While autonomous navigation of mobile robots on rigid terrain is a well-explored problem, navigating on deformable terrain such as tall grass or bushes remains a challenge. To address it, we introduce an explainable, physics-aware and end-to-end differentiable model which predicts the outcome of robot-terrain interaction from camera images, both on rigid and non-rigid terrain.
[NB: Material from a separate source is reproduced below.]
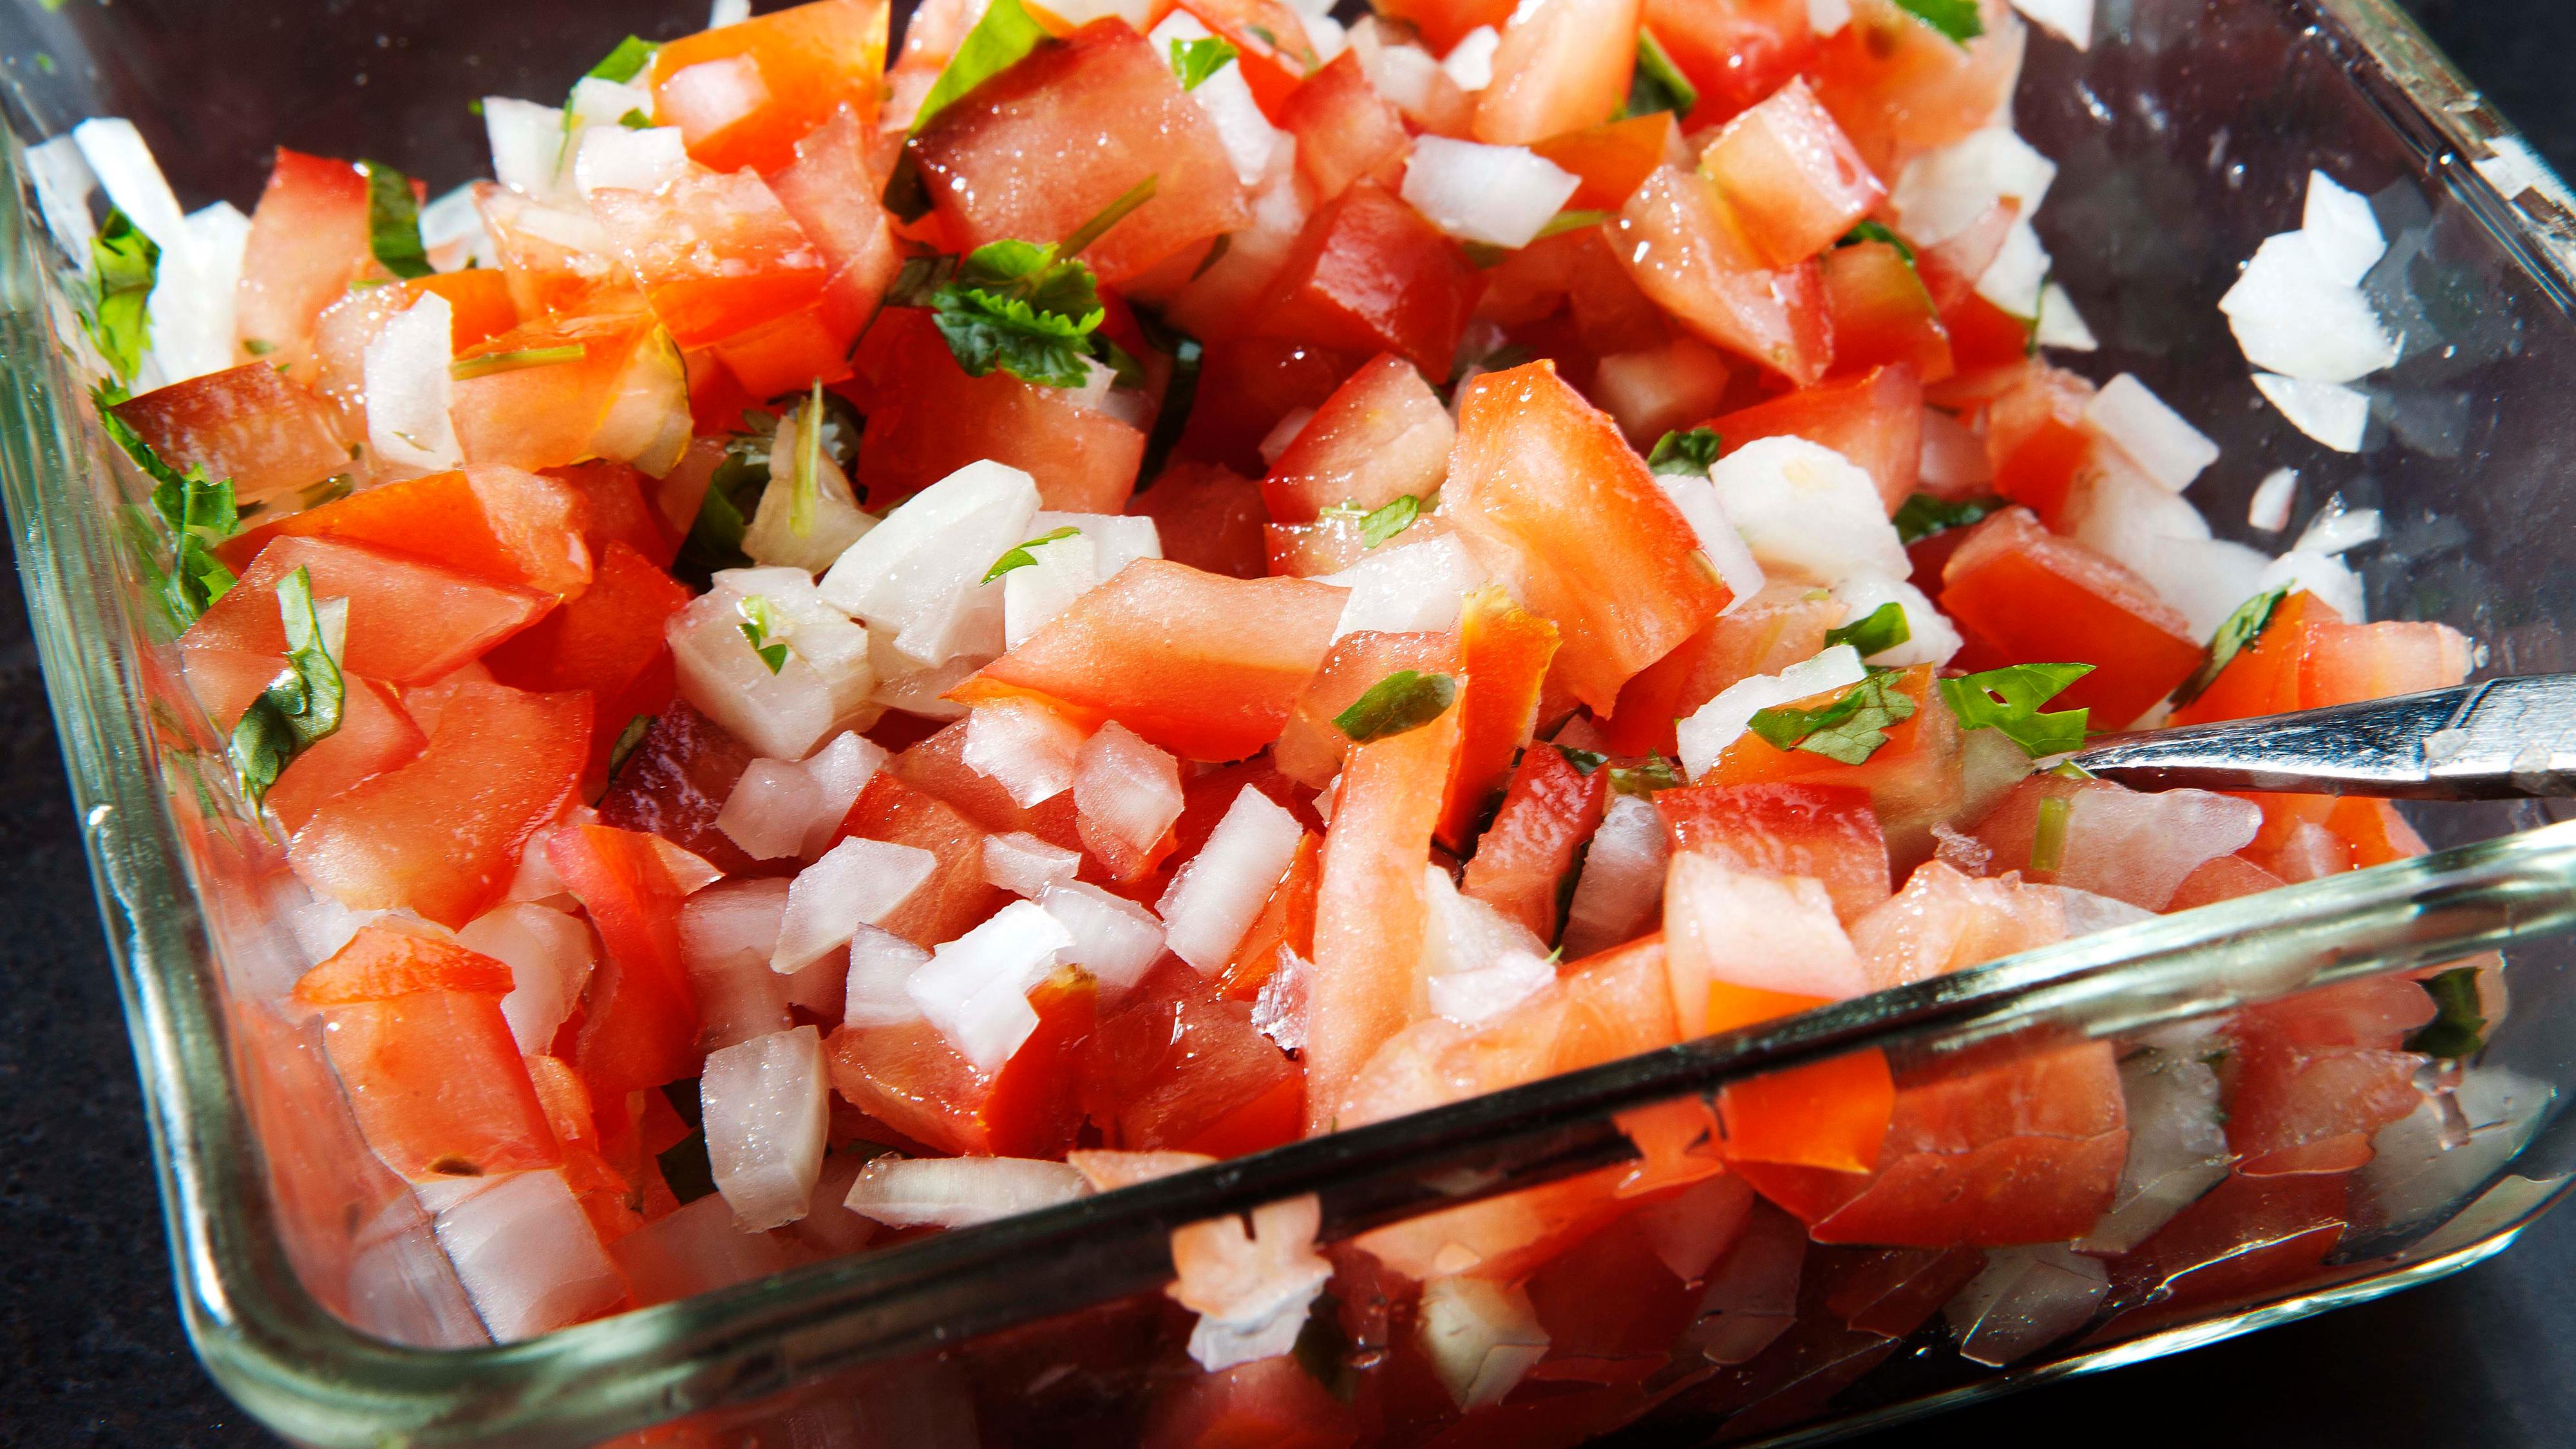 For tomatsalsaen: Del opp tomatene i båter, bruk en skje til å fjerne den bløte tomatkjernen. Skjær tomatkjøttet i små terninger. Del opp løken i tilsvarende terninger og bland sammen med finhakket hvitløk. Ha over limesaft og hakket frisk koriander. Sett kjølig til bruk.

The proposed MonoForce model consists of a black-box module which predicts robot-terrain interaction forces from onboard cameras, followed by a white-box module, which transforms these forces and a control signals into predicted trajectories, using only the laws of classical mechanics. The differentiable white-box module allows backpropagating the predicted trajectory errors into the black-box module, serving as a self-supervised loss that measures consistency between the predicted forces and ground-truth trajectories of the robot. Experimental evaluation on a public dataset and our data has shown that while the prediction capabilities are comparable to state-of-the-art algorithms on rigid terrain, MonoForce shows superior accuracy on non-rigid terrain such as tall grass or bushes. To facilitate the reproducibility of our results, we release both the code and datasets.

翻译：尽管移动机器人在刚性地形上的自主导航已得到充分研究，但在可变形地形（如高草丛或灌木丛）中的导航仍具挑战性。为解决这一问题，我们提出了一种可解释、物理感知且端到端可微的模型，能够从摄像机图像中预测机器人与刚性及非刚性地形交互的结果。所提出的MonoForce模型包含一个黑箱模块（用于从车载摄像头预测机器人-地形交互力）以及一个白箱模块（仅利用经典力学定律，将这些力与控制信号转换为预测轨迹）。可微的白箱模块允许将预测轨迹误差反向传播至黑箱模块，形成一种自监督损失，用于衡量预测力与机器人真实轨迹之间的一致性。在公开数据集及我们采集的数据上进行的实验表明，尽管在刚性地形上的预测能力与现有最优算法相当，但MonoForce在非刚性地形（如高草丛或灌木丛）上展现出更优的精度。为促进结果的可复现性，我们开源了代码与数据集。